- [WHAT THIS TASK INVOLVES] Leave the pictures out. Return all other data exactly.

- [MATERIAL PROVIDED]
════

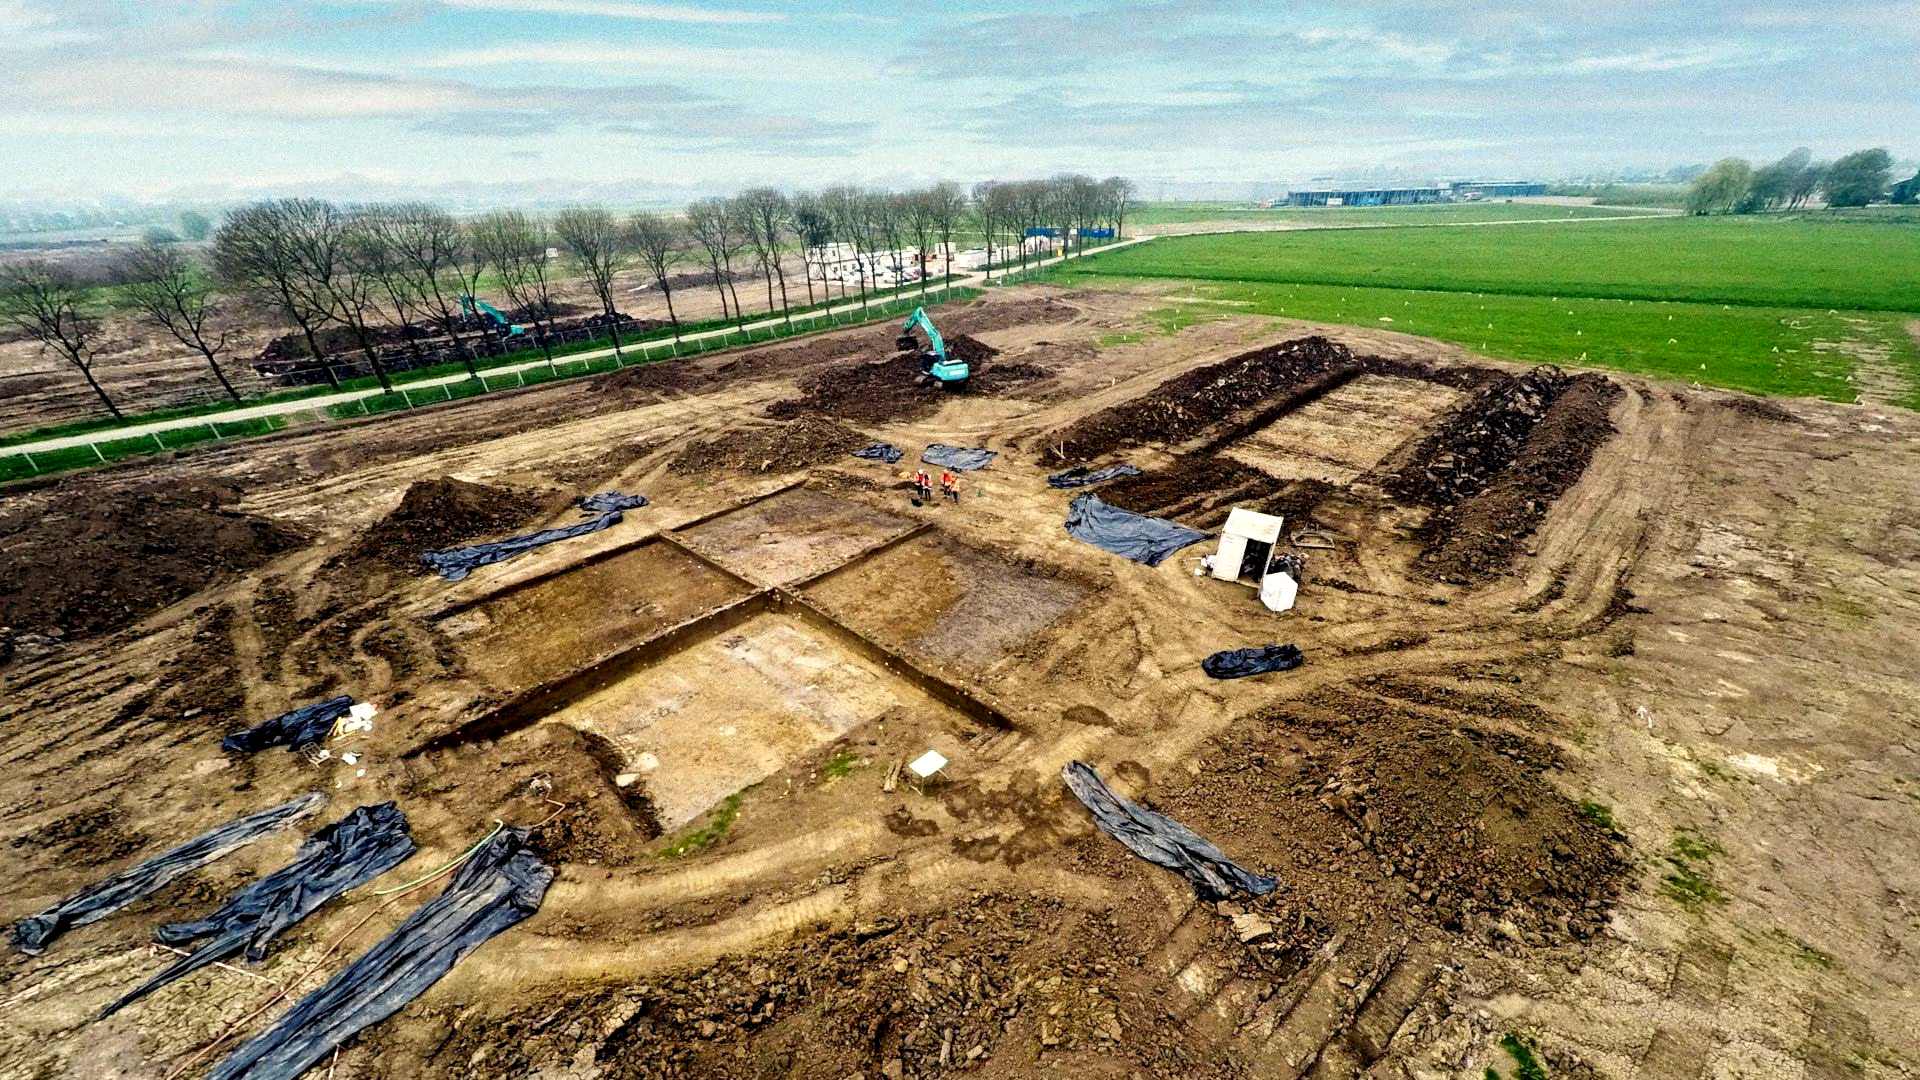 4,000-year-old Stonehenge of the Netherlands reveals its secrets 2
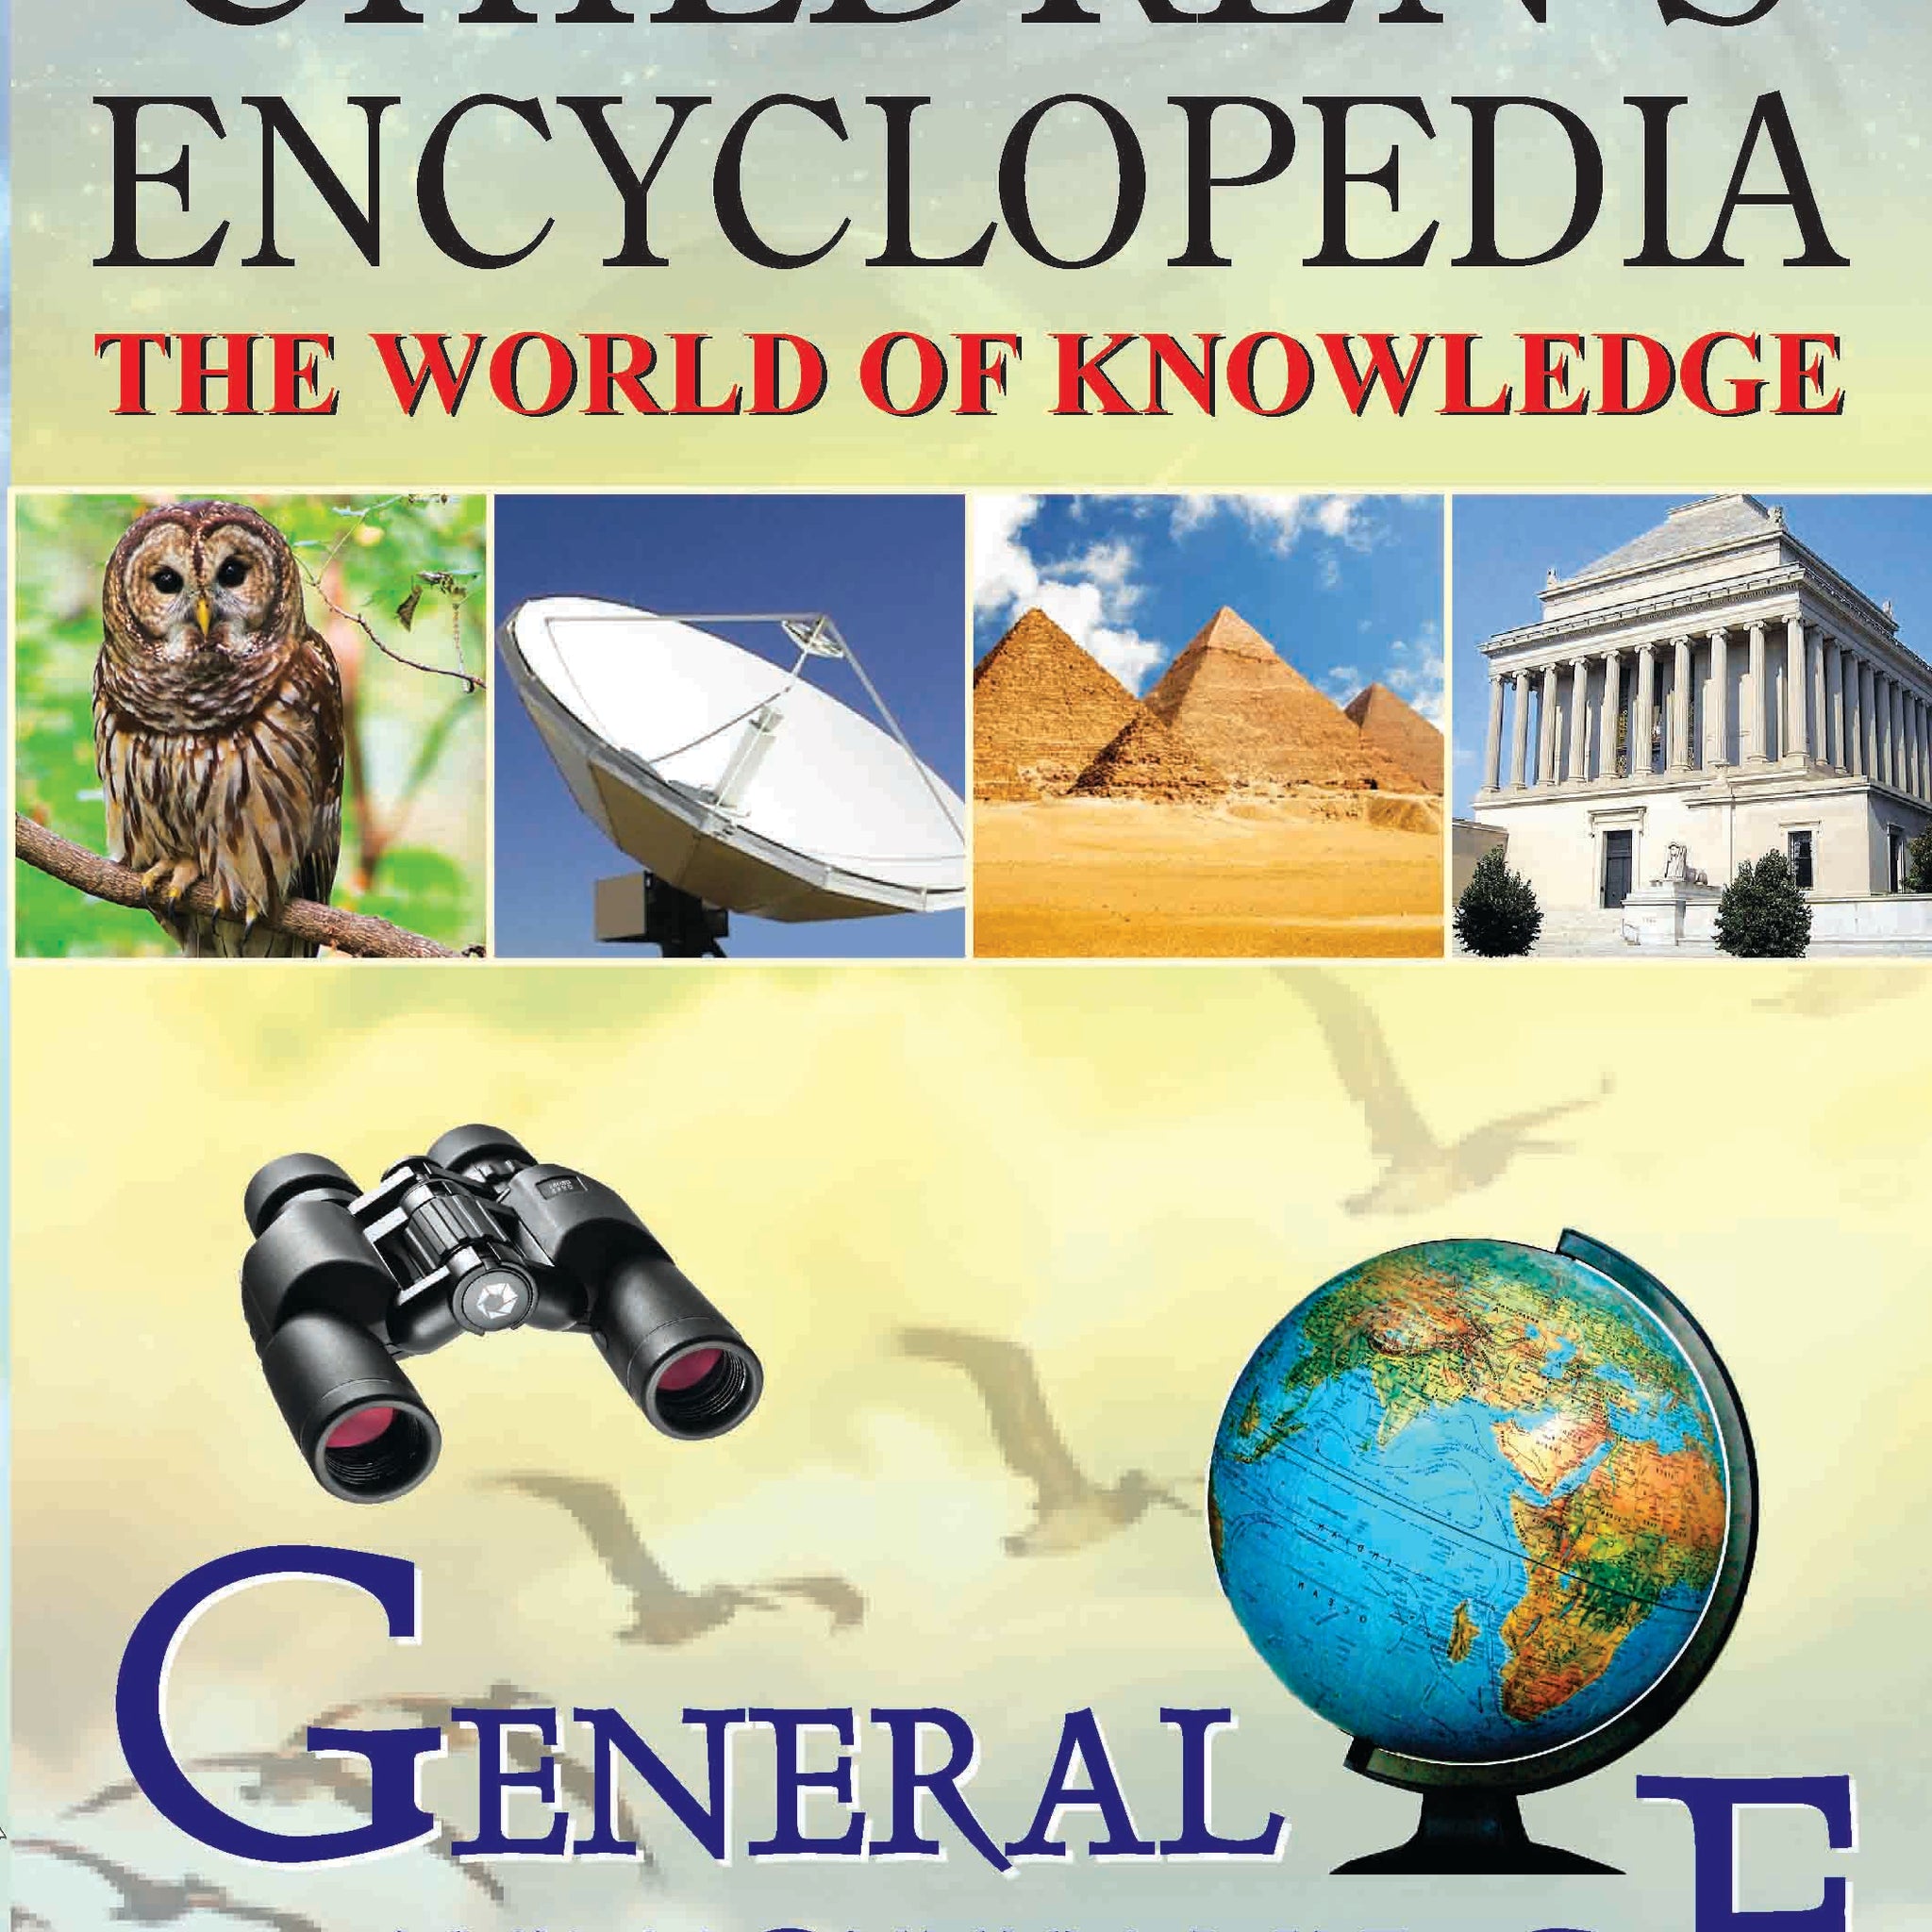 Children's Encyclopedia - General Knowledge
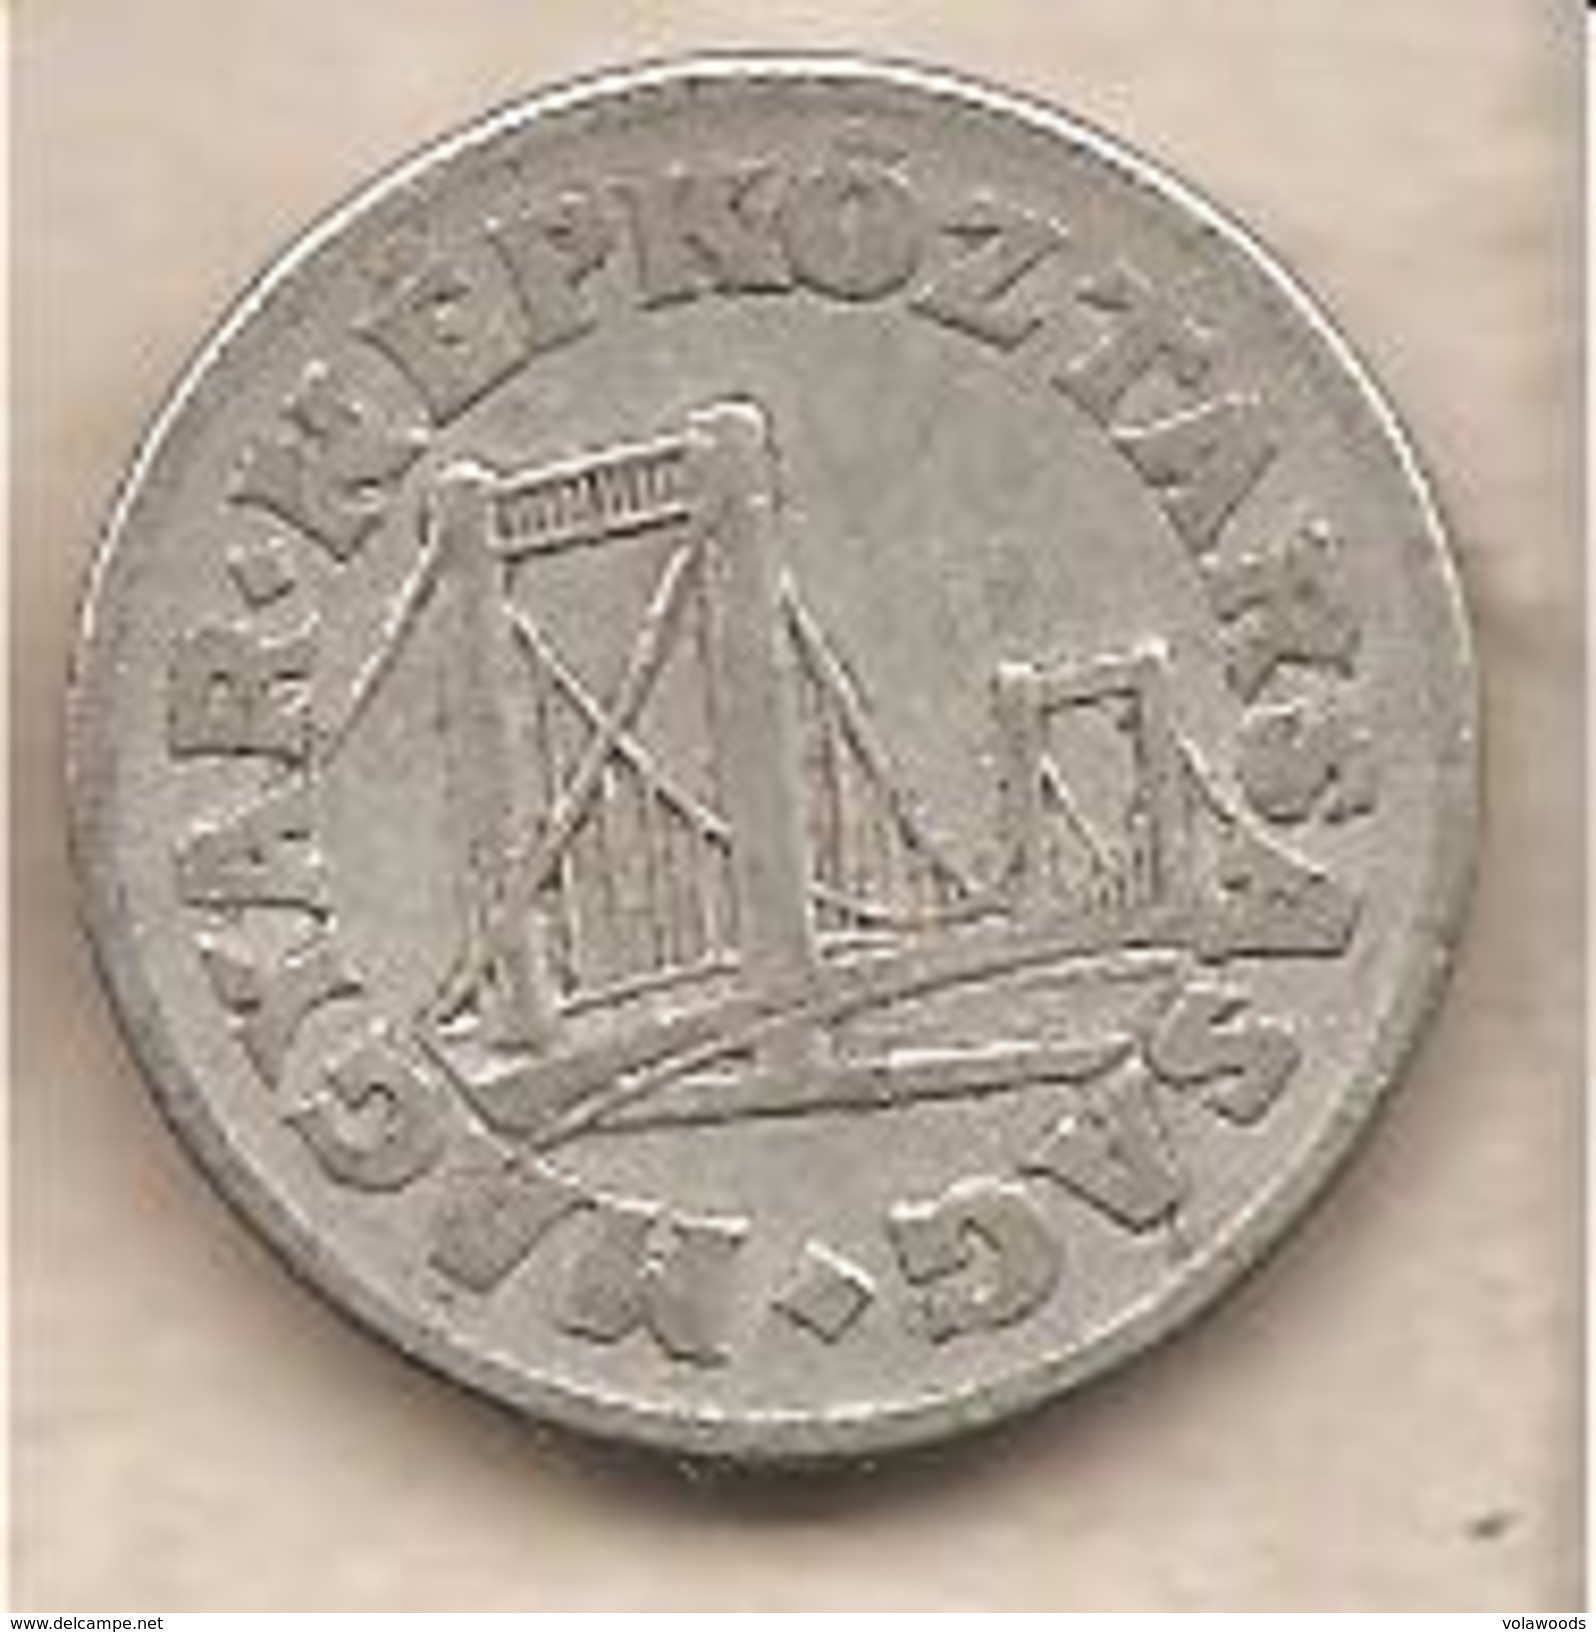 Ungheria - Moneta Circolata Da 50 Filler - 1967 - Ungheria

════

- [RESPONSE TO THIS TASK]
 4,000-year-old Stonehenge of the Netherlands reveals its secrets 2
 Children's Encyclopedia - General Knowledge
 Ungheria - Moneta Circolata Da 50 Filler - 1967 - Ungheria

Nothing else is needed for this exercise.